Academic theorists do not have the authority to override sovereign powers (!) constituted as legitimized, recognized, states and write their theories into international law – as if an international covenant like the Geneva Convention had just been contracted. Even persuading red haired activist cronies of the American president and State Department bureaucrats to recite your arguments at White House press conferences does not make them “international law” either – it makes them “policy” – and that only of a particular administration. 

This riff  set off something of a reaction on Facebook in private groups and on Twitter as Mr. Allen, who I am sure is a fine gent, has a large set of common colleagues with me, some of whom are Boydians and all of whom are sharp strategic thinkers. Consequently,  Victor’s post(s) as well as mine and a later follow up by a “Leonidas Musashi” ( great nom de guerre)  made it into a high caliber defense forum as well as other sites online. My spleen-venting provoked the following rebuttal at The Bridge:

R2P: A Spectrum of Responses 

….Safranski’s final point about sovereignty as carte blanche seems to be a stealth argument for the principles of R2P:

States always could and did take military action in self-defense when disorders in neighboring states threatened their security or spilled over their border outright.R2P seeks to minimize harm caused by disorder through early action taken prior to conflicts spilling over borders that can potentially cause larger conflagrations, but more importantly, it recognizes that atrocities can happen entirely within the confines of a state, and that the international community will not allow them to continue unchecked. This recognition is easily seen in the rhetoric and discussions regarding rebels in both Libya and Syria. Libya is admittedly a flawed example of the use of R2P, with second-order effects seen in the Russian and Chinese opposition to UN-sanctioned stabilization operations in Syria, but that concern for the population first and the state second were common facets to both bear mentioning in the debate and illustrate the shifting nature of intervention and sovereignty. This shift is exemplified in the contrast between discussions in the UN General Assembly regarding Kosovo/East Timor and Syria: “most of the 118 states that mentioned Syria at the UN General Assembly in 2012 expressed concern about the population, up from less than a third who invoked Kosovo and East Timor in 1999… It is clear that a fundamental shift has taken place regarding humanitarian intervention and that more and more states embrace the broad values expressed by R2P.” (“Democracy, Human Rights, and the Emerging Global Order: Workshop Summary,” Brookings Institution, 2012)

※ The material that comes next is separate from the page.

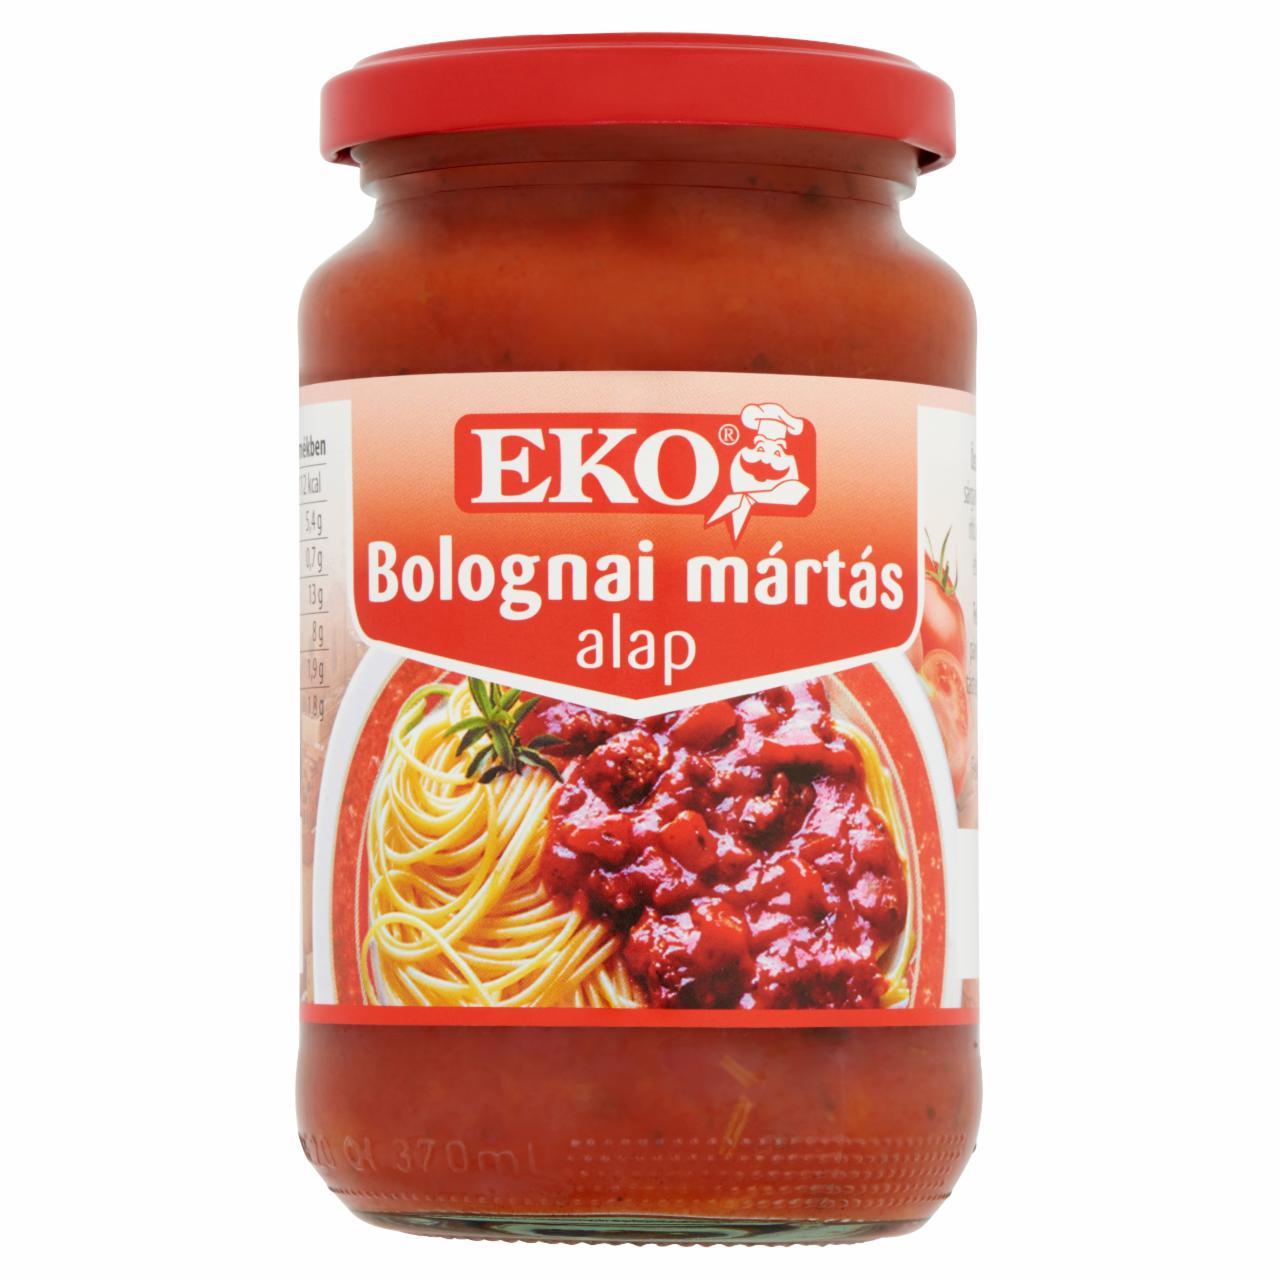 Képek - Eko bolognai mártás alap 360 g

Again, I caution about reading posts in full.

Here in this rebuttal Victor doubled down, which I admire because that is interesting, but with which I agree with even less because he seems to be far removed from how the world really works in terms of international relations, not merely in practice, but also in theory as well.  That said, his response deserves a much more serious reply than my first post evinced. I have been fiddling with one ( I seem to be moving slowly these days) but another voice – “Leonidas Musashi” – has entered the debate at The Bridge with a sharp retort against Allen’s conception of R2P:

Responsibility to Protect: Rhetoric and Reality 

….My main observation, however, is that the discussion thus far has been focused more on a “right” to protect than a “responsibility” to do so. The arguments indicate that a state has a responsibility to protect its people but takes for granted that third parties somehow inherit this responsibility when the state cannot fulfill it. There is a missing explanation here. The need to justify such efforts may seem callous, but a nation’s highest moral order is to serve its own citizens first. Such an explanation would certainly be a legitimate demand for a mother that loses a son who volunteered to defend his nation, or for a government entrusted by its people to use their resources to their own benefit. While it is often stated that the international community “should” intervene, explanation of where this imperative comes from is not addressed other than by vague references to modern states being interconnected. But this implies, as previously stated, a right based on the self-interest of states, firmly grounded in realistic security concerns, rather than any inherent humanitarian responsibility to intervene. Instability and potential spillover may very well make it within a nation’s vital interests to intervene in another country and pursuing humanitarian and human rights goals within the borders of another state may well be in a nation’s secondary interests. But if this is the case, the calculus of the political leadership will determine if pursuing this goal is worth the cost/potential costs – as has been done in such cases as North Korea, Iran, Zimbabwe, Tibet and Syria. In either case, the decision is determined by what is in the nation’s interests, a reality that makes R2P not a mandate, but a merely a post hoc justification for interventions that do occur.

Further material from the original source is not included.